Trending Topics from User Generated ContentGuess what? As thousands searched for that scam in the days to come I already had the article in one of my UGC sites. Thousands of hits in mere hours and I didn’t have to pay a dime for it. The research was free, the content was free, and the approach was completely passive on my part.

Mining Free Content

Paying for content is overrated, just ask facebook. They have convinced the whole world to be their personal band of content writers, constantly writing and promoting the facebook brand worldwide. They used the CDA to protect themselves and enable a billion users around the world to work for them for free.

Then Facebook took it one step further, turning users into freelance photographers and videographers, uploading rich media content 24 hours a day, 7 days a week.

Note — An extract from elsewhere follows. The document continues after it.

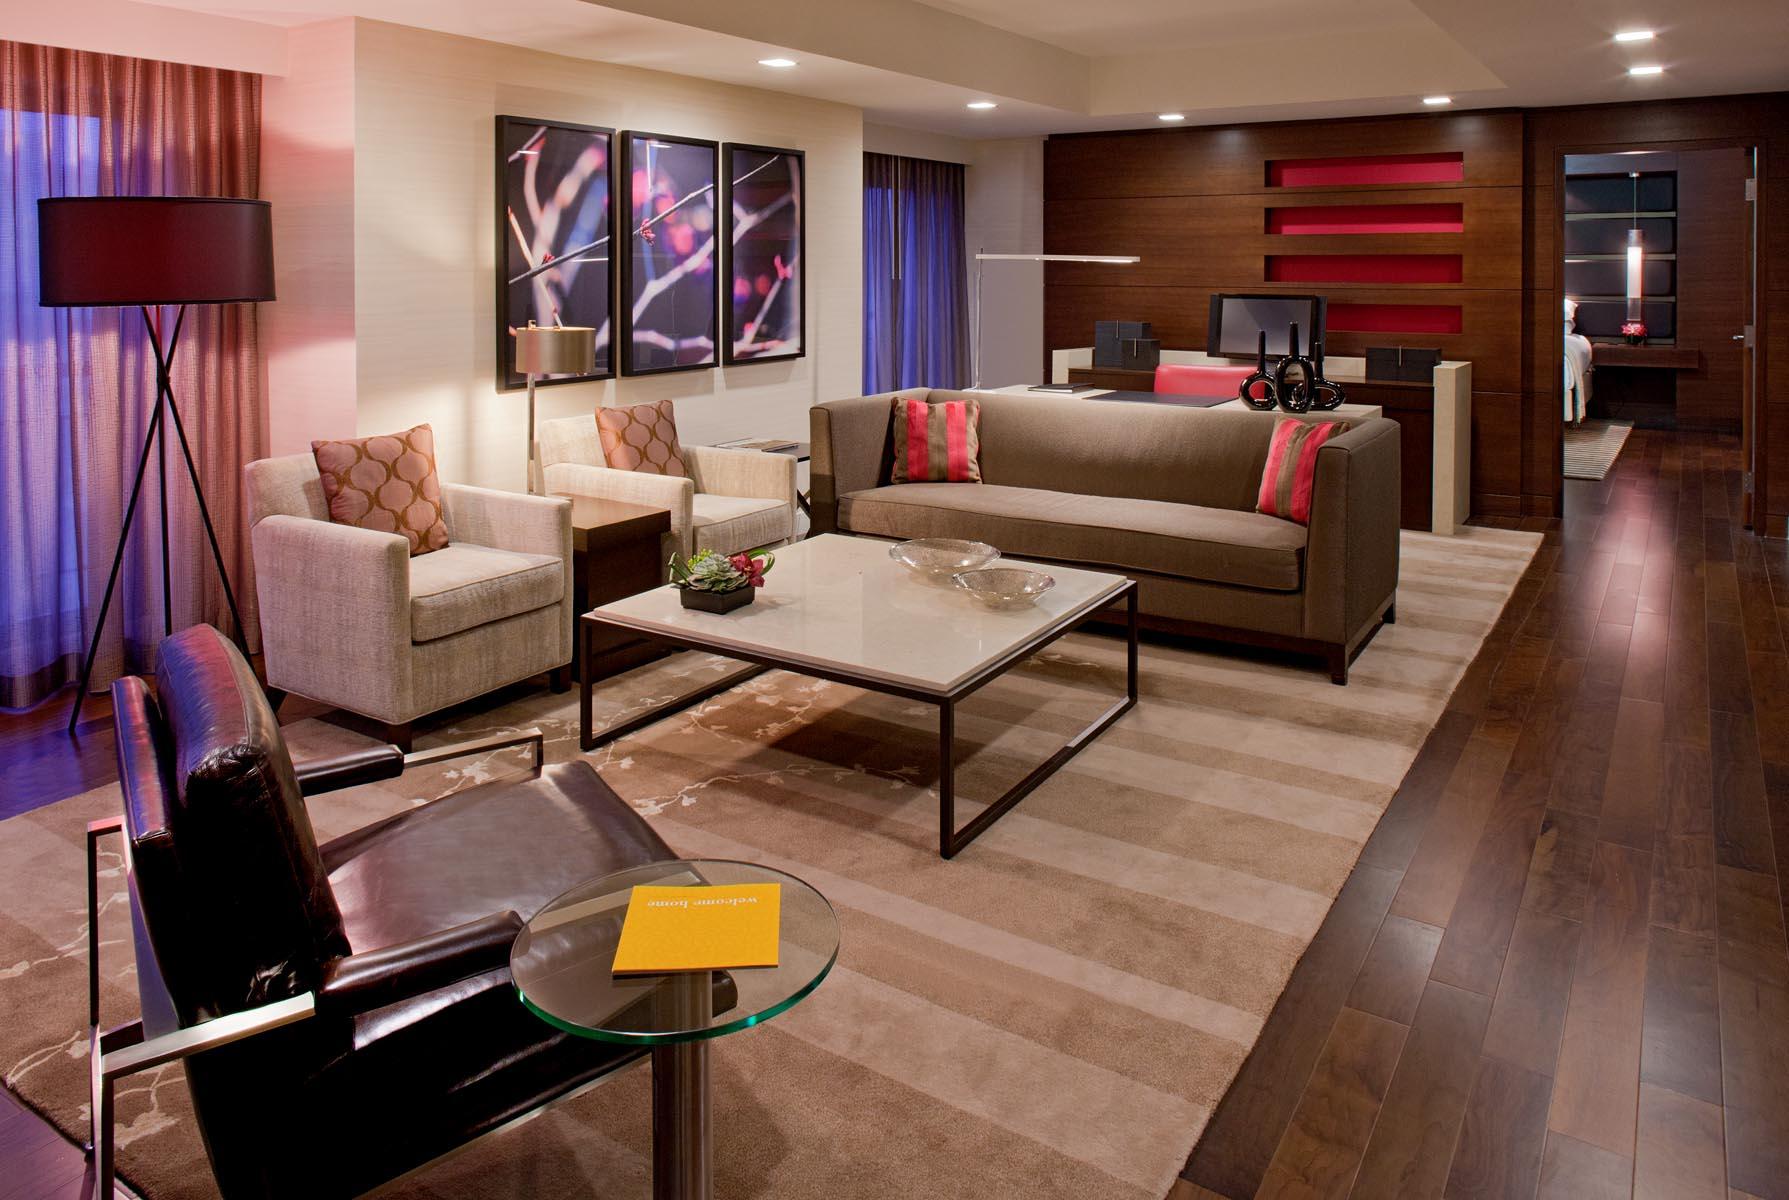 Grand hyatt washington announces inauguration weekend - Washington dc suites hotels 2 bedroom ...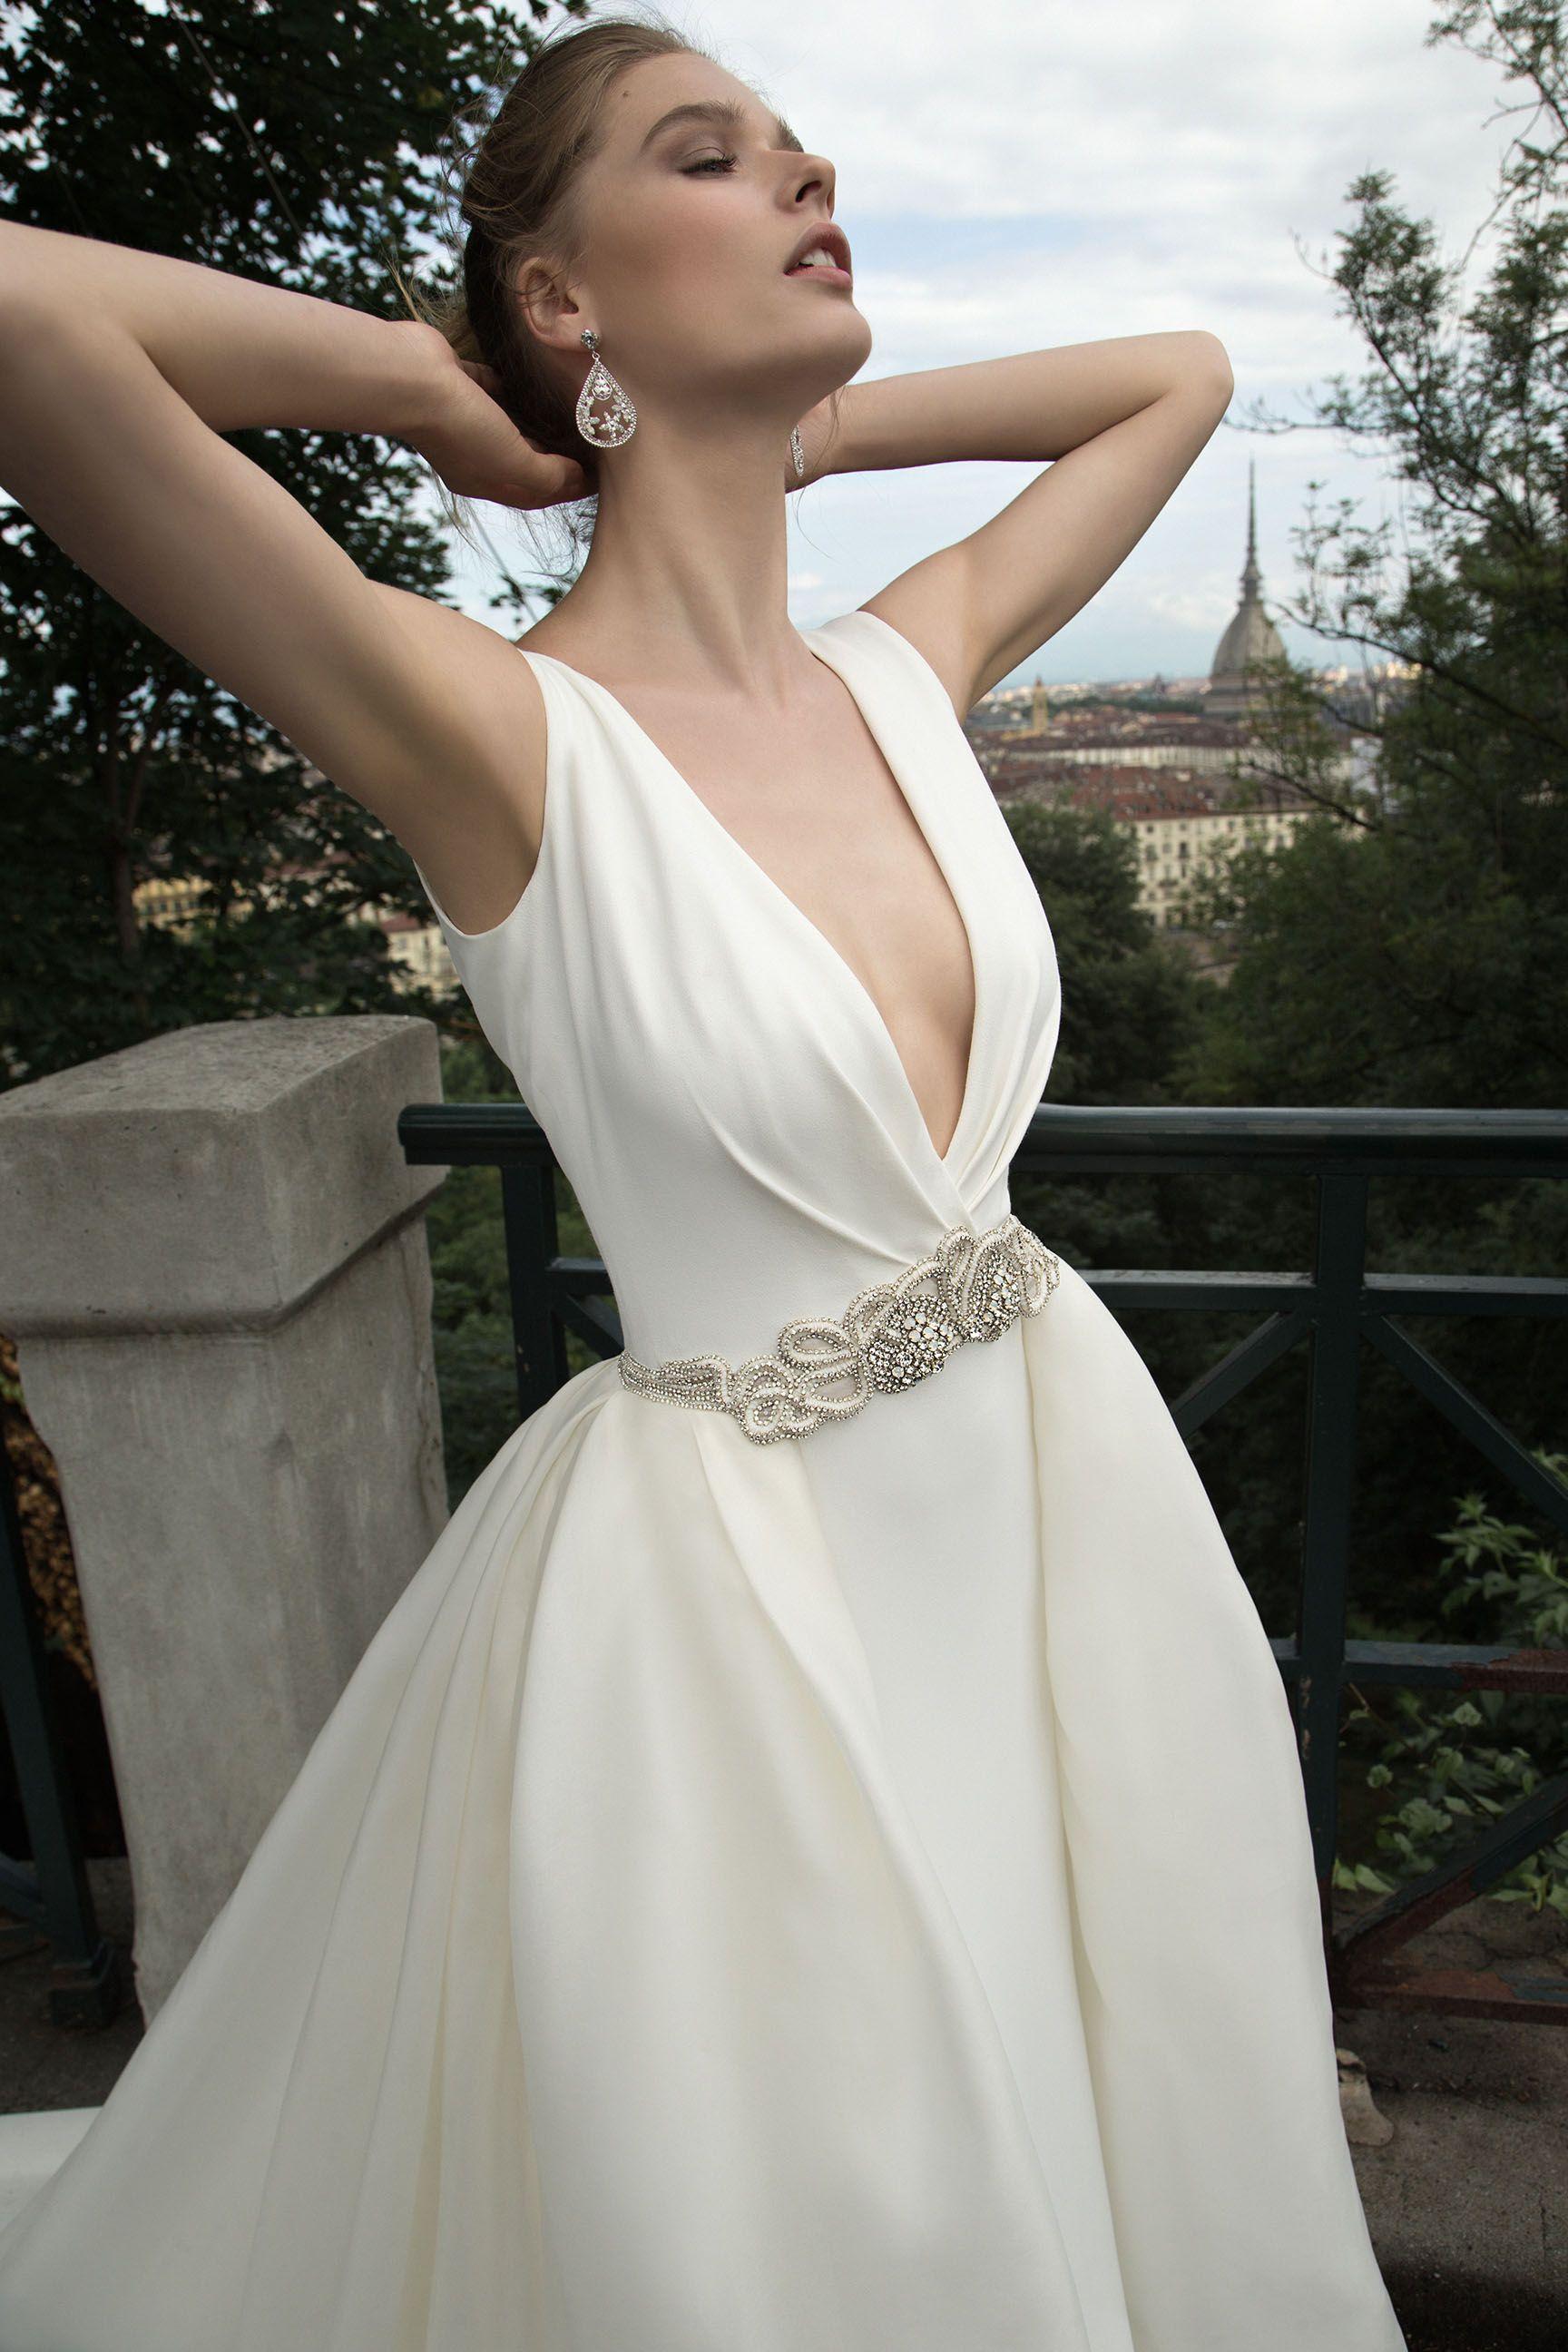 Alessandra rinaudo tecla weddings pinterest wedding

Why would you pay for content writers when you can just find somebody’s emotional hot button and get them to write for you for free? Call it whatever you want, but people are willing to contribute to something they are passionate about, just look at any message board or forum on the web.

Gathering Consumer Intelligence

This is the last reason the CDA is so powerful, and in my opinion the most powerful one of them all. What’s more valuable than content or revenue? It’s the ability to predict the next big thing to hit the web, and that comes from consumer intelligence.

Consumer Intelligence Data from User Content

Learn what people need, and you have your next project. Instead of trying to market your product to consumers, intelligence allows you to create your next product based on a need. You are basically guaranteed demand and revenue from the get go, anything after that is just a sweet bonus.

People start businesses all the time hoping there is a need for them, why not gather the foresight ahead of time to all but bank on that next start up.

By leveraging Section 230, you can host UGC (have your cake) as well as store the consumer data (and eat it too). This is, as long as it’s not private or personally protected data of course.

User generated content, much like Google trending topics, always assure that you are feeling the pulse of consumers. While the rest of the world is throwing darts at a board, you can bet on sure things.

Get it now? The internet is what it is today because of free speech, and because the federal government doesn’t expect you to run around policing every square inch of your website.

So spend less time policing what people say on your site, and more time getting additional traffic to your site through UGC.

Quit worrying and just hide behind the CDA.